PEMERINTAH terus berupaya menguatkan pondasi ekonomi Indonesia sambil mengantisipasi peluang dan tantangan dalam menghadapi era digitalisasi. Beberapa langkah baik jangka pendek, menengah, hingga panjang disiapkan. 

Ekonom Senior Habibie Center Umar Juworo menilai upaya yang dilakukan pemerintah yang dituangkan dalam rancangan undang-undang (RUU) Omnibus Law itu untuk merupakan perlindungan kesejahteraan kepada pekerja di Indonesia. 

"Omnibus Law ini kan bertujuan untuk memberikan perlindungan kesejahteraan kepada pekerja jika terjadi pemutuhan hubungan kerja akibat perusahaan menurun omsetnya. Jadi ada perhitungan pesangon yang cukup sampai pekerja mendapatkan pekerjaan ditempat lain," kata Umar kepada wartawan di Jakarta, Minggu (12/1).

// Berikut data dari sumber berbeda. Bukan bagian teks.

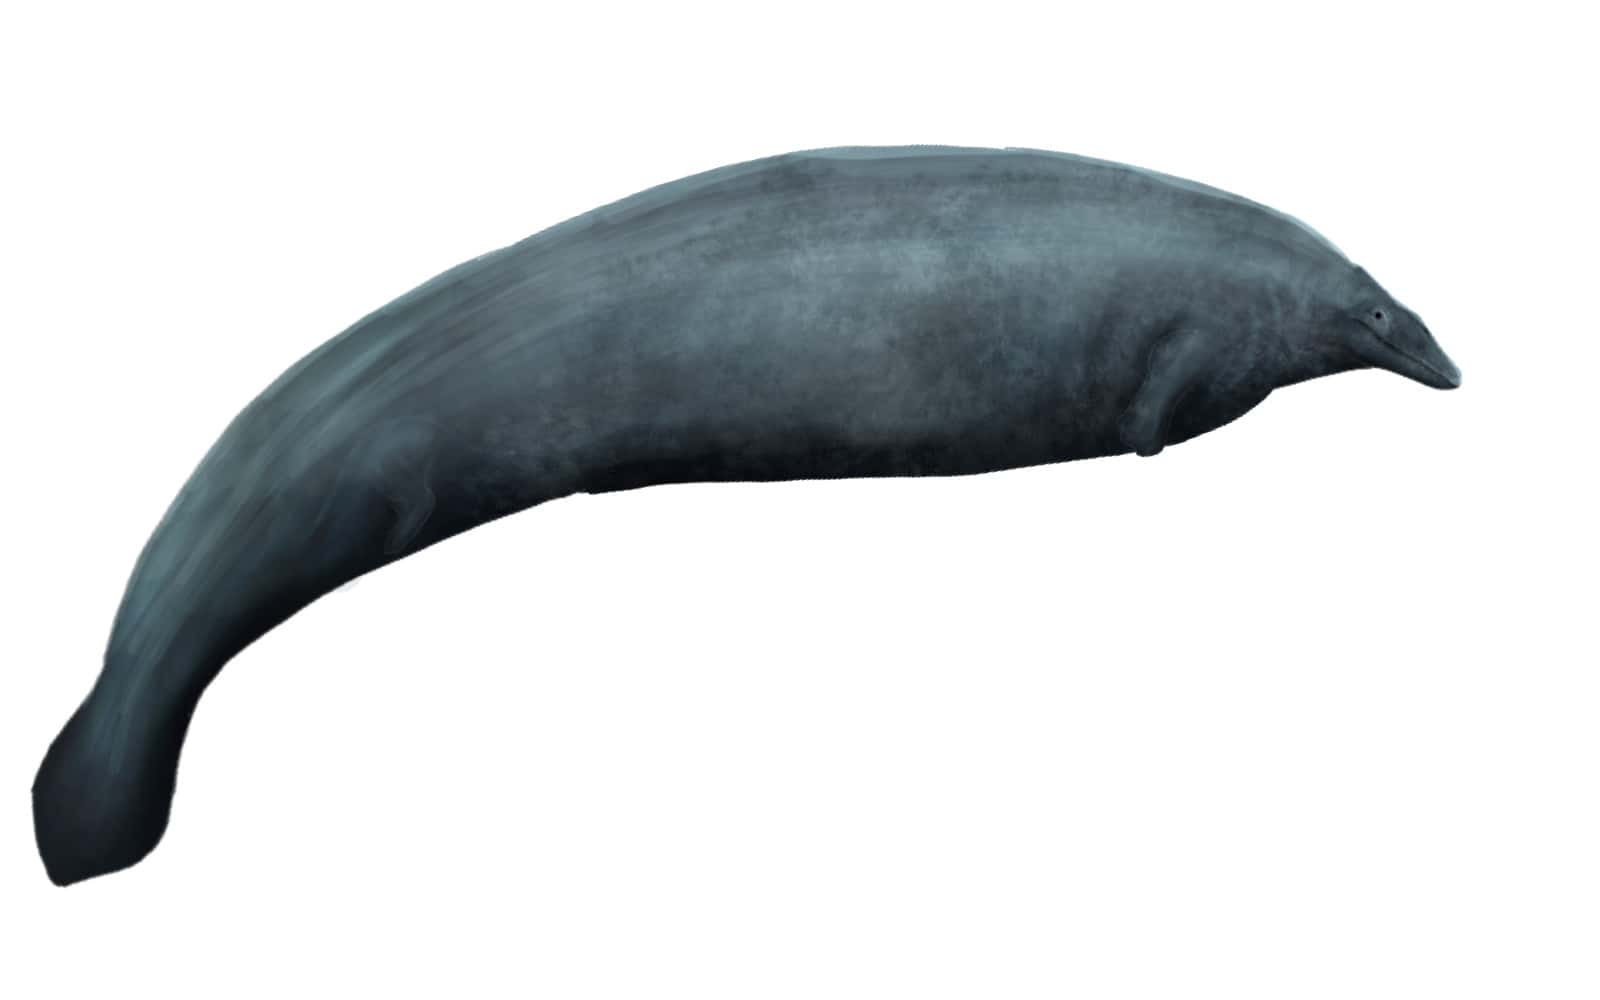 A restoration of P. colossus shows a grey mammal with a large body and small head.

Baca jugaBeleid Omnibus Law Cipta Lapangan Kerja Diminta Selesai 3 Bulan

Meski demikian, Umar menilai pembahasan Omnibus Law ini harus melibatkan berbagai kalangan termasuk serikat kerja sehingga ditemukan solusi terbaik dalam implementasinya. 

"Tentu harus ada titik temu semua pihak termasuk serikat pekerja sehingga tidak ada lagi penolakan," tambah Umar.

Umar menilai Omnibus Law tujuannya untuk menyesuaikan peraturan ketenagakerjaa dengan perkembangan investasi dan ekonomi yg baik bagi pengusaha dan juga tenaga kerja. 

"Perlu fleksibilitas dalam pengaturan ketenagakerjaan yang sesuai dengan perkembangan ekonomi dan bisnis. Karena itu penentuan upah dan kompensasi pemberhentian tenaga kerja (jika terjadi) harus berdasarkan pada pertemuan antara kepentingan pekerja dan pengusaha," Imbuhnya.

"Upah minimum pekerja jelas harus didasarkan pada perhitungan kebutuhan fisik minimum, pertumbuhan ekonomi, inflasi, dan produktivitas pekerja," jelas Umar.

Sebelumnya, Menteri Koordinator Bidang Perekonomian Airlangga Hartarto menyampaikan RUU Omnibus Law Cipta Lapangan Kerja. RUU ini bertujuan untuk menciptakan ekosistem investasi serta kemudahan dan perlindungan Usaha Mikro Kecil dan Menengah (UMKM) dengan 11 klaster yang akan diselesaikan.

“Omnibus Law ini akan membahas ekosistem penyederhanaan perizinan dan investasi. Di sini juga akan dimasukan terkait dengan kemudahan berusaha terkait juga yang terkait dengan dorongan untuk riset dan inovasi. Termasuk di dalamnya bagaimana membuat inovasi ini menjadi bagian dari pada peningkatan daya saing,” kata Airlangga.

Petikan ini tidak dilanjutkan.